Google closed source applications engine does evil

From http://www.itwire.com, I come to know this news. Please read this post which is very informative.

Google, the monolithic empire which once could do no wrong, has churned out another new product for its web 2.0+ conga line. This time Google App Engine gives the great promise of letting you serve your own applications to the world using the grunt of Google-powered machinery. However, it’s not the saviour it purports to be, perverting the open source way.

On the surface, Google’s App Engine sounds top stuff. You can run your own web applications on Google’s infrastructure. Write code, upload to site, Google serve to world. What could be simpler?

Indeed, anyone who has thought they could cash in on the cult of Facebook soon discovers Facebook won’t host your application. They’ll provide APIs and tools but you need your own web space. The free web area generally provided by residential ISPs could do the job but, hey, if you’re wanting to code for Facebook you have to think big and prepare for hits in the tens, nay hundreds of thousands. The millions even, as 20 friends spam invite 20 friends. Your free ISP web space will block visitors after so many and in this rapidly wired world nothing spells death by humiliation more than having your social web app show up as broken.
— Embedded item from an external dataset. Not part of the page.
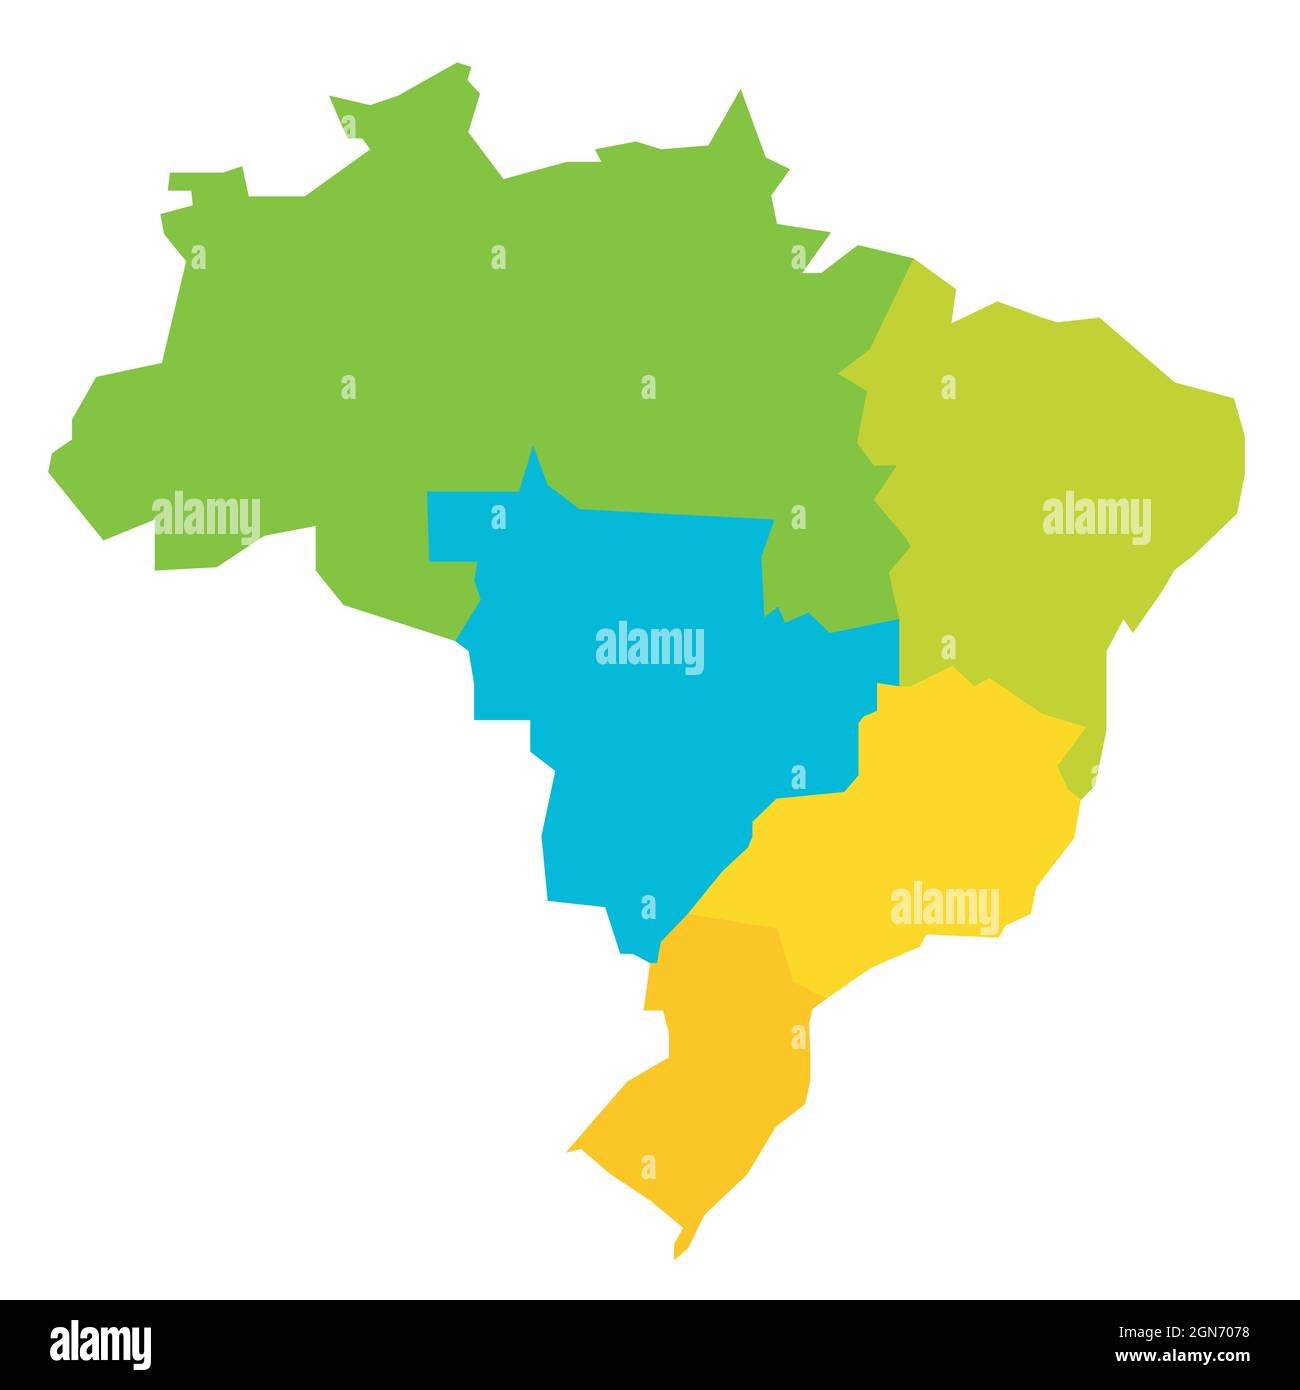 Bunte politische Landkarte von Brasilien. Staaten teilen sich nach Farbe in 5 Regionen auf. Einfache, flache, leere Vektorkarte Stock Vektor

Instead you can now use Google’s App Engine which exists solely to serve apps from reliable servers that will eat up heavy loads. You get a free domain name under appspot.com or you can use your own domain. You get 500MB of storage along with plenty of CPU and bandwidth for about 5 million page views per month. That’s huge.

At the moment, only the Python programming language, version 2.5.2, is supported. There’s no PHP or .NET to be found here, although Google say more languages may be available in the future.
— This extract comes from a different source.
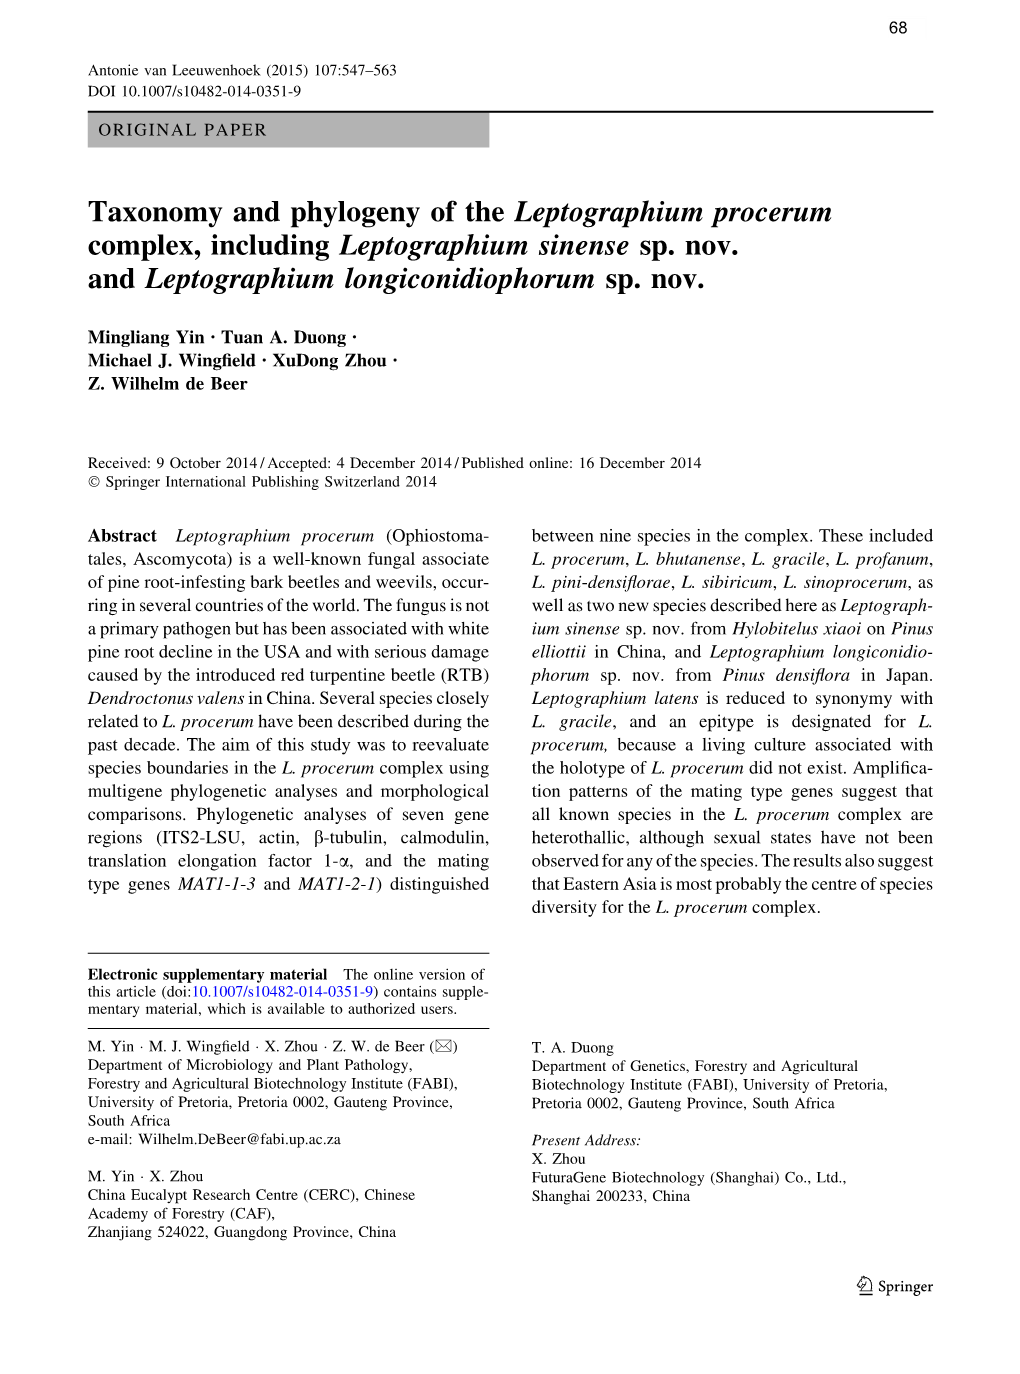 Leptographium Sensu Lato

In addition, and sanely – Google have to protect their equipment – the apps run in a protected sandbox environment which restricts access to the underlying operating system and hardware. One example is that files can’t be created in code. You can read files, but only those uploaded with the app. Any storage requirements have to be met through the provided data store. Additionally, no background processes are allowed; all code must execute solely in response to a web request and must return a web-based response. After the response has been sent there cannot be any further processing until the next request is received.
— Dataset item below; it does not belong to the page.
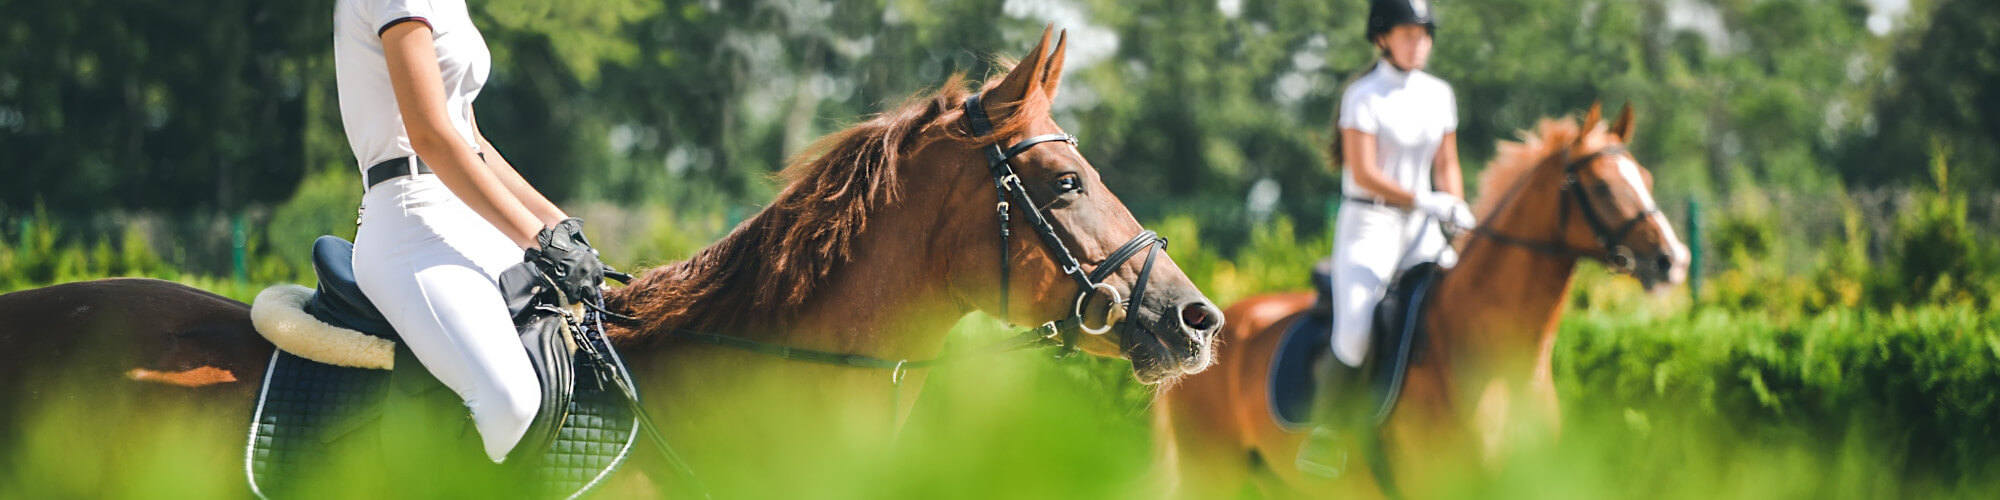 Insektenschutzmittel für Pferd und Reiter

APIs have been provided to work with the data store, Google accounts, e-mail services and some other items. You’ll need to download Python and the software development kit (SDK), which is available for download for Windows, MacOS and Linux. Disappointingly, and acting as a bad advertisement for the strength of Google’s equipment, my first attempts to download the SDK met with a 502 server error, reporting “The server encountered a temporary error and could not complete your request. Please try again in 30 seconds.”

I have to be fair: Google have at this time restricted the SDK to 10,000 developers. It's possible the failure was because that number has been exceeded. However, if this is the case I'd have preferred a message like "Sorry, the number of downloads has now been reached" rather than an error page.